One of the Mosul gunmen, sounding a lot like John Ashcroft, said, "I swear by God almighty. Our retaliation will be severe."

Even stranger, a hapless resident's lament took on the familiar syntax and rhythm, at least in translation into English, of Yinglish: "This is the democracy of Ayad Allawi, to give us during the day mortar shells and at night bombs?"

With more than 50 shooting days left before Election Day, that January 30 celebration of democracy looks pretty shaky. The Daily Star (Beirut) puts the weekend carnage at 90 and, like many other outlets, reports former U.N. envoy to Iraq Lakhdar Brahimi as saying that the vote could take place only "if first and foremost, security improves."

Also sounding an ominous note was Arizona senator John McCain, who said Sunday, as the Beirut paper quoted him:

Many of us, as long as a year and a half ago, said [the Pentagon must send] more people there. You've got to have more linguists, you've got to have more special forces—you've got to have, and the Pentagon has reluctantly, obviously, gradually made some increases.
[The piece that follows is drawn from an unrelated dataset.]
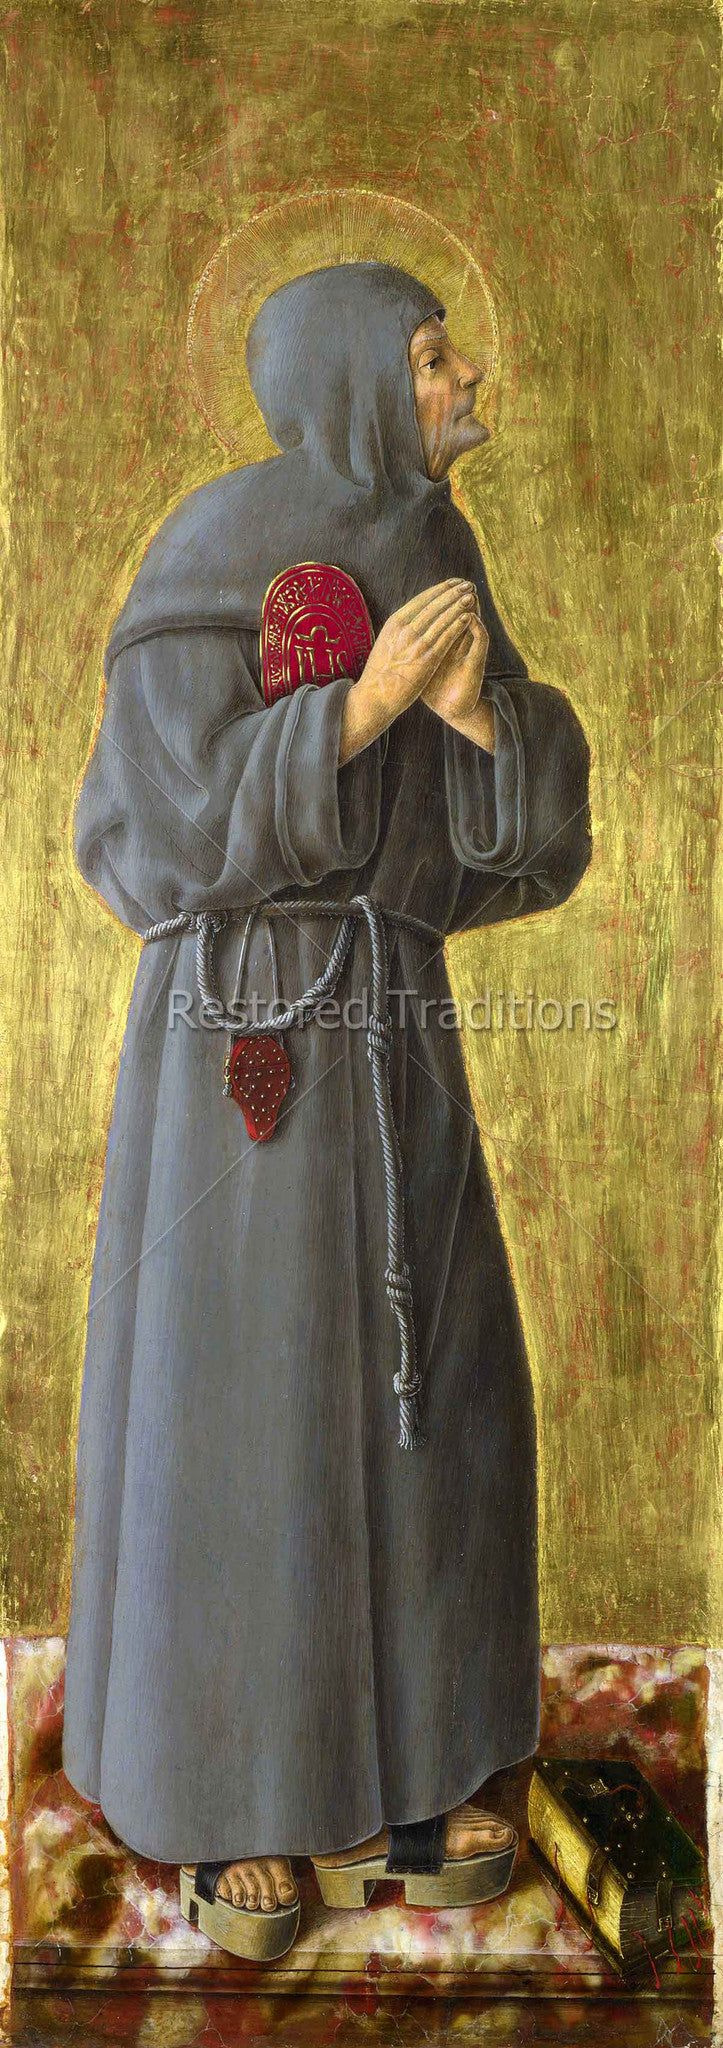 Franciscan friar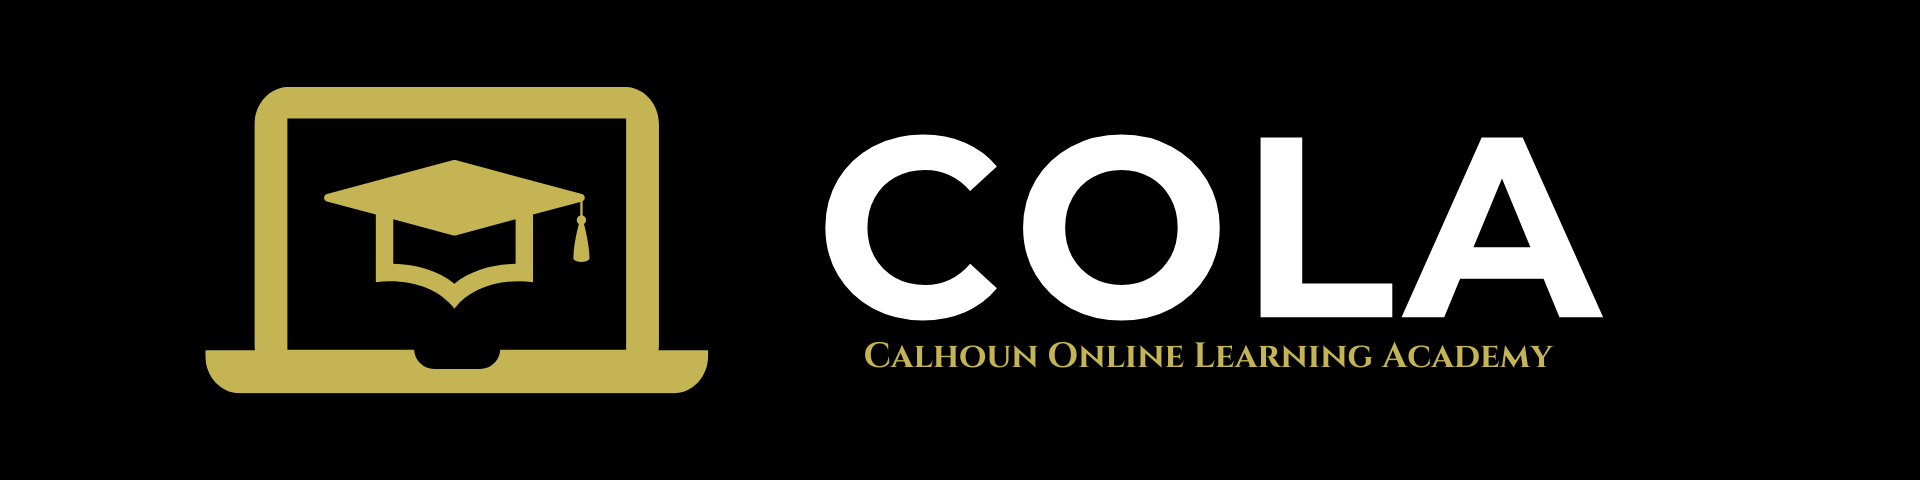 cola registration

And the problem when you react, you have to extend people on duty there, which is terrible for morale.

But to get the proper perspective, go to the official White House site and read Bush's newly updated "Record of Achievement."

With a tone reminiscent of a Commando Cody cliffhanger serial from the early '50s, Bush's Chapter 1 is "Waging and Winning the War on Terror." No surprise that Bush's propaganda sounds so familiar: Cody, after all, styled himself as "sky marshal of the universe."